*Collected material*:
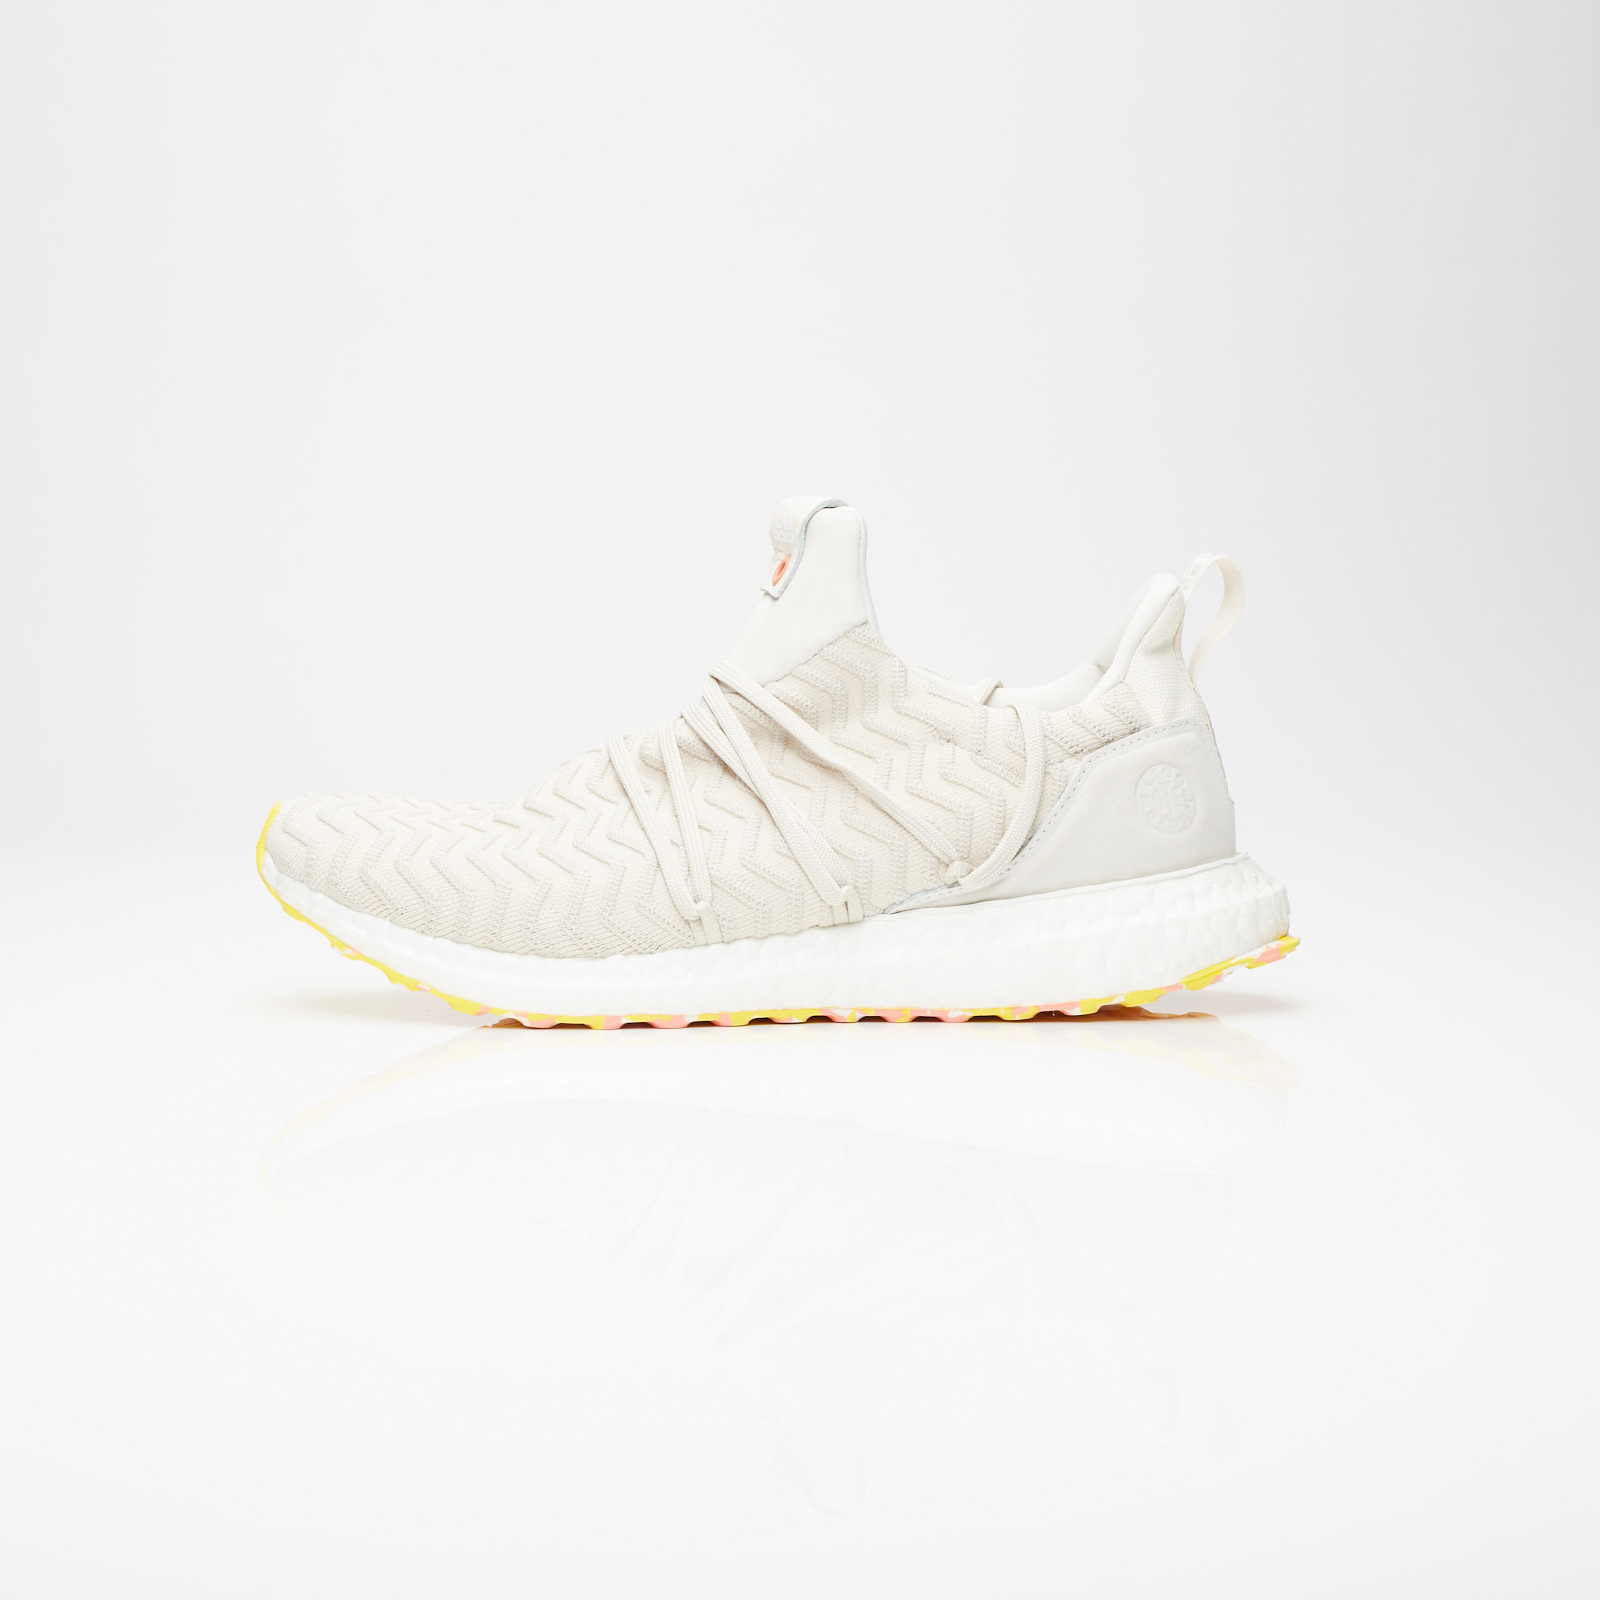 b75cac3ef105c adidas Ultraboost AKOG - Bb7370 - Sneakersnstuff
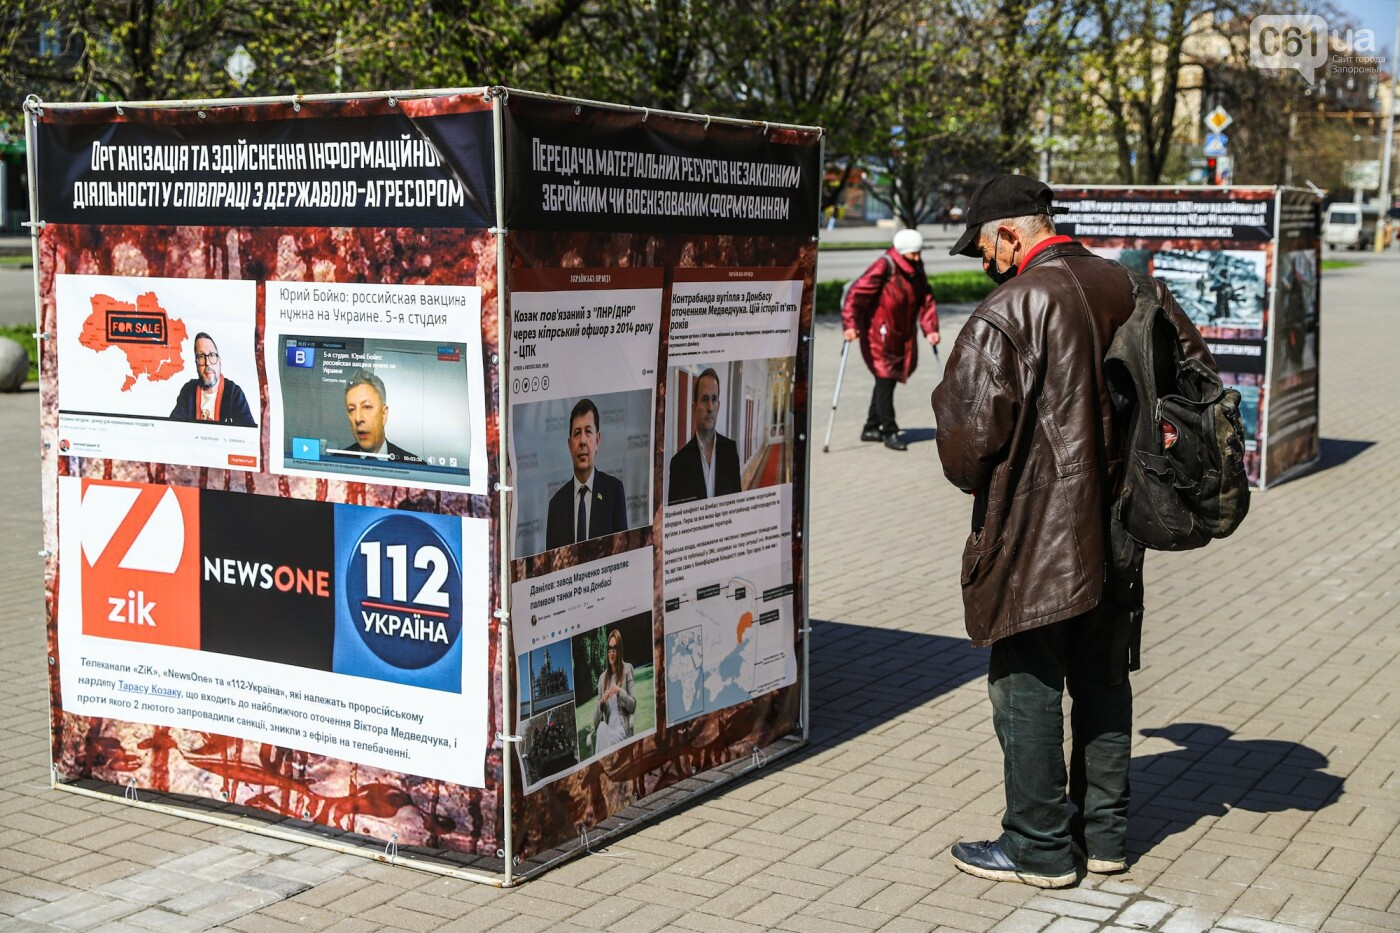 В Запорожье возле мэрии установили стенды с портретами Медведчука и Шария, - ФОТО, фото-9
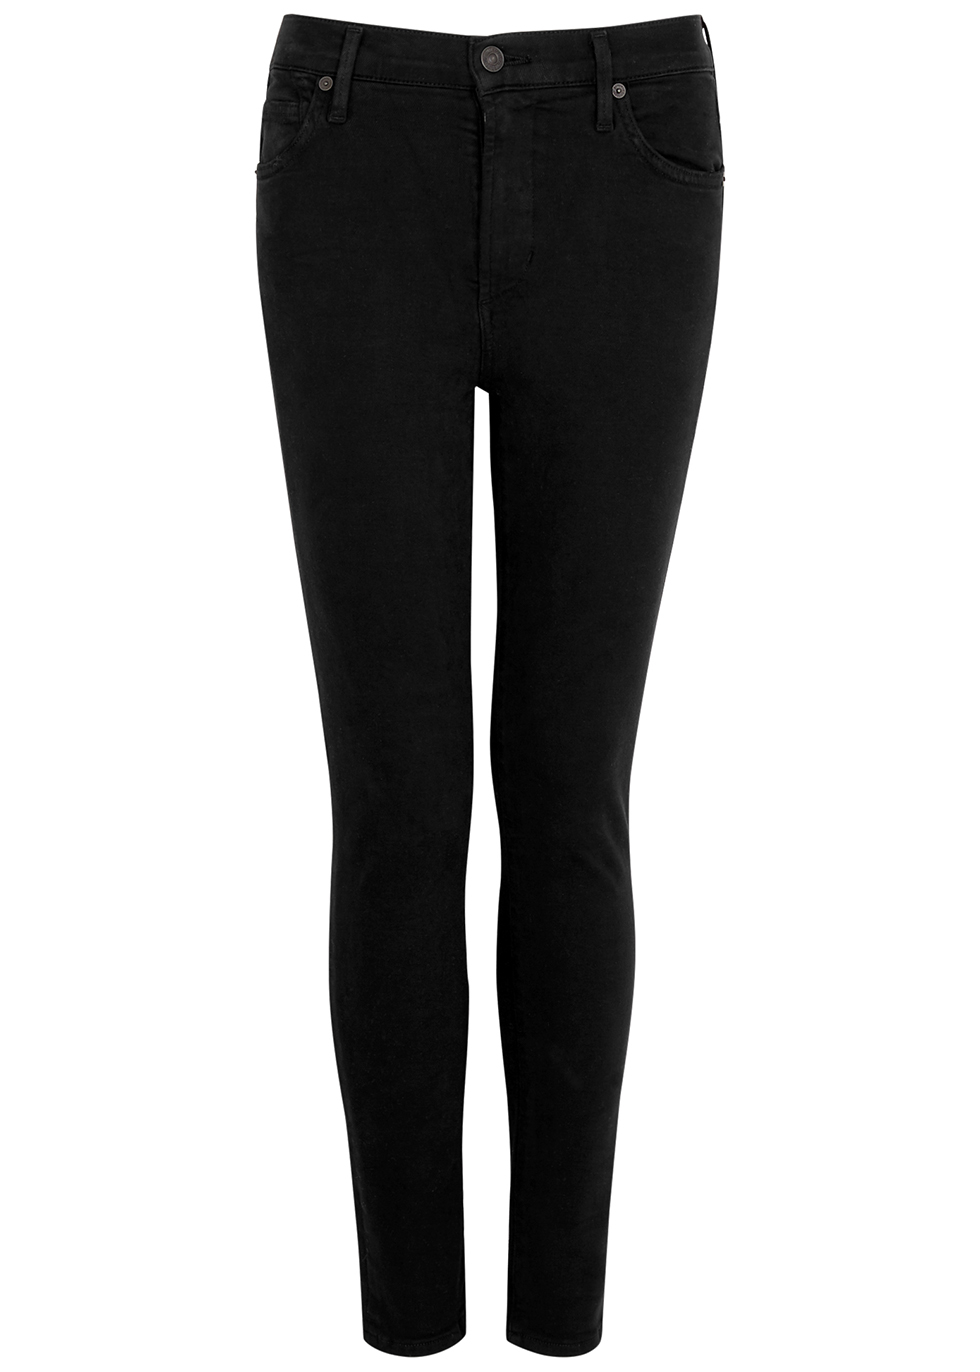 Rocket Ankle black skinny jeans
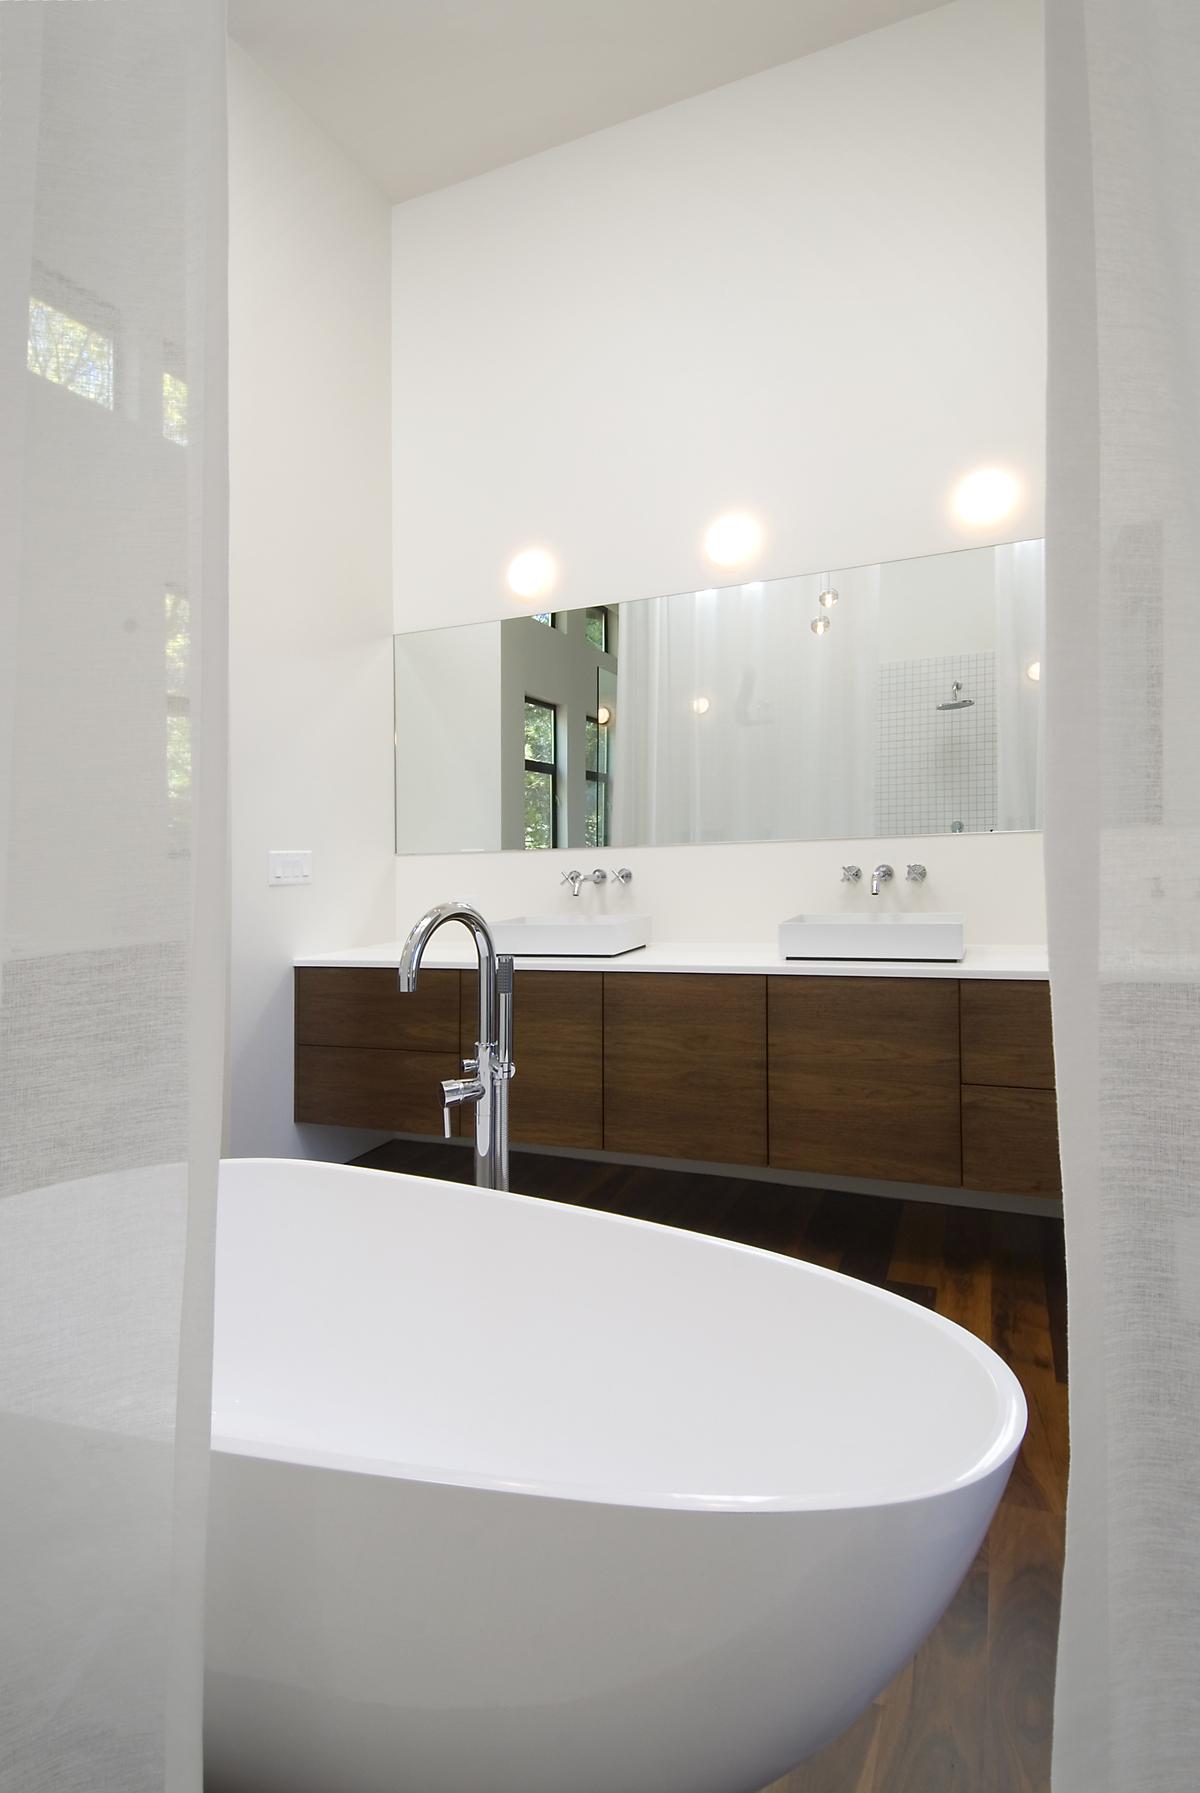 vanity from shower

*Problem requirements*: All the data above is to be transcribed exactly, with no pictures included.

*Task answer*:
 b75cac3ef105c adidas Ultraboost AKOG - Bb7370 - Sneakersnstuff
 В Запорожье возле мэрии установили стенды с портретами Медведчука и Шария, - ФОТО, фото-9
 Rocket Ankle black skinny jeans
 vanity from shower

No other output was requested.